Technology Sharing

Kafka Producer

2024-07-12

한어Русский языкEnglishFrançaisIndonesianSanskrit日本語DeutschPortuguêsΕλληνικάespañolItalianoSuomalainenLatina

Producer

Producers are responsible for creating messages and then delivering them to Kafka.
insert image description here

Load Balancing

  1. Polling strategy.
  2. Random strategy.
  3. Hash according to the key.

Kafka's default partitioning strategy: If a key is specified, messages with the same key are sent to the same partition (partitions are ordered); if no key is specified, a polling strategy is used.

Send a message

acks specifies how many partition replicas must receive the message before the producer considers the message written successfully.

There is no superiority or inferiority among the three methods, but the appropriate strategy should be selected according to local conditions. A trade-off needs to be made between performance and reliability.

There are three ways to send messages:

Send and forget.

acks = 0。
After sending a message, the producer does not wait for any response from the broker. In most cases, the message can be delivered successfully because Kafka is highly available and the producer has a mechanism to automatically try to resend. However, if a non-retryable error or timeout occurs, the message will be lost and the application will not receive any information or exceptions.
With other configurations being the same, setting acks to 0 can achieve maximum throughput.

Asynchronous Send

acks=1, default value.
After the producer sends the message, as long as the leader replica of the partition successfully writes the message, it will receive a successful response from the server.

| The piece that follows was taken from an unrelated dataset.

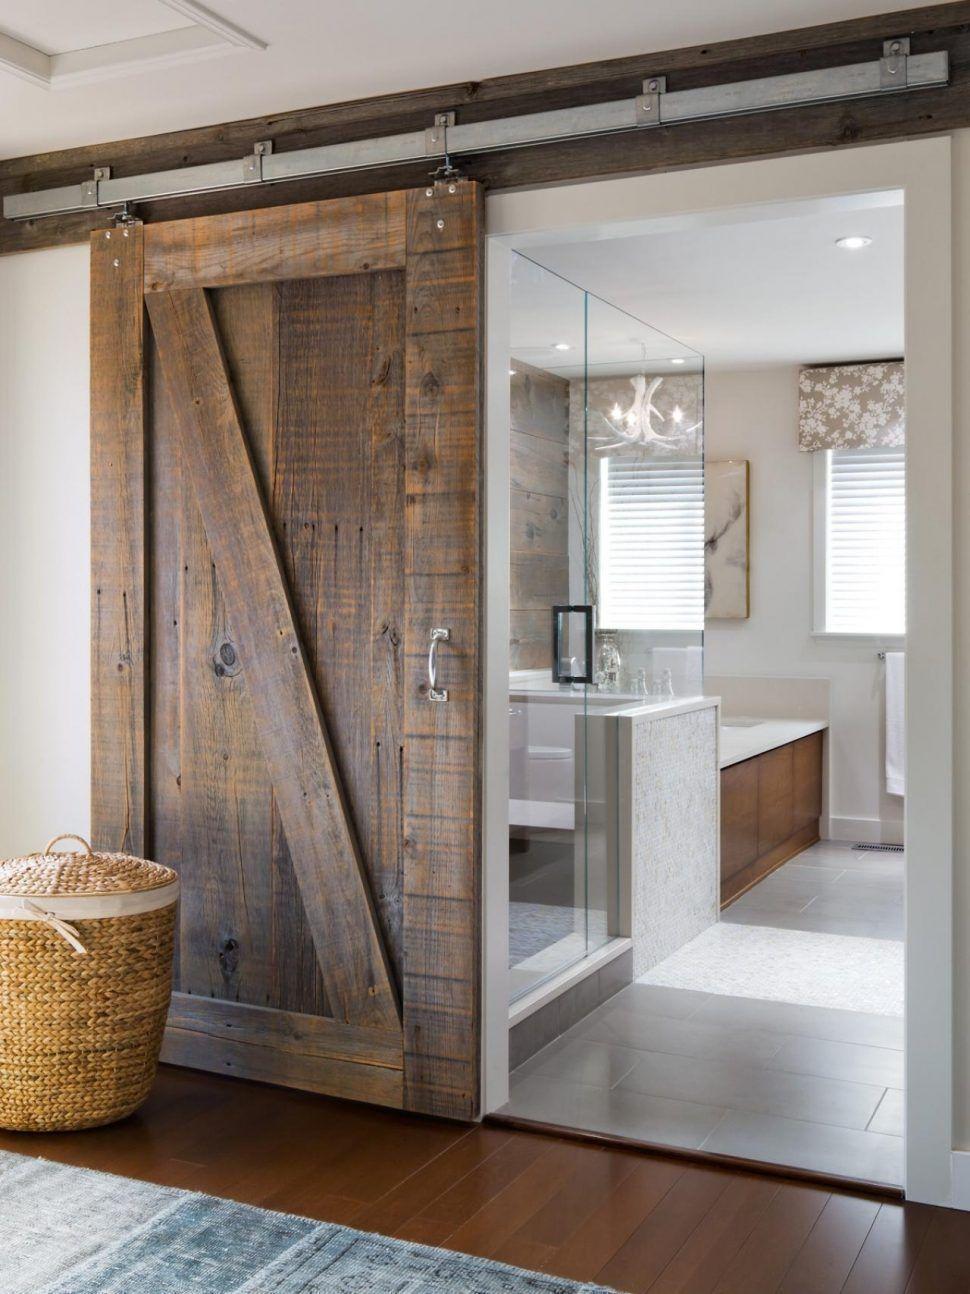 Bathrooms design elegant how to make interior sliding barn - How to make an interior sliding barn door ...

  • If the message cannot be written to the leader replica, for example, when the leader replica crashes and a new leader replica is being re-elected, the producer will receive an error response. To avoid message loss, the producer can choose to resend the message.
  • If the message is written to the leader replica and a successful response is returned to the producer, and the leader replica crashes before being pulled by other follower replicas, the message will still be lost because the newly elected leader replica does not have the corresponding message.
    Setting acks to 1 is a compromise between message reliability and throughput.
Synchronous Send

acks = -1 or acks = all.
After sending a message, the producer needs to wait for all replicas in the ISR to successfully write the message before receiving a successful response from the server.
Under the same configuration environment, setting acks to -1 (all) can achieve the strongest reliability. However, this does not mean that the message is reliable, because there may only be a leader copy in the ISR, which degenerates to the situation of acks=1.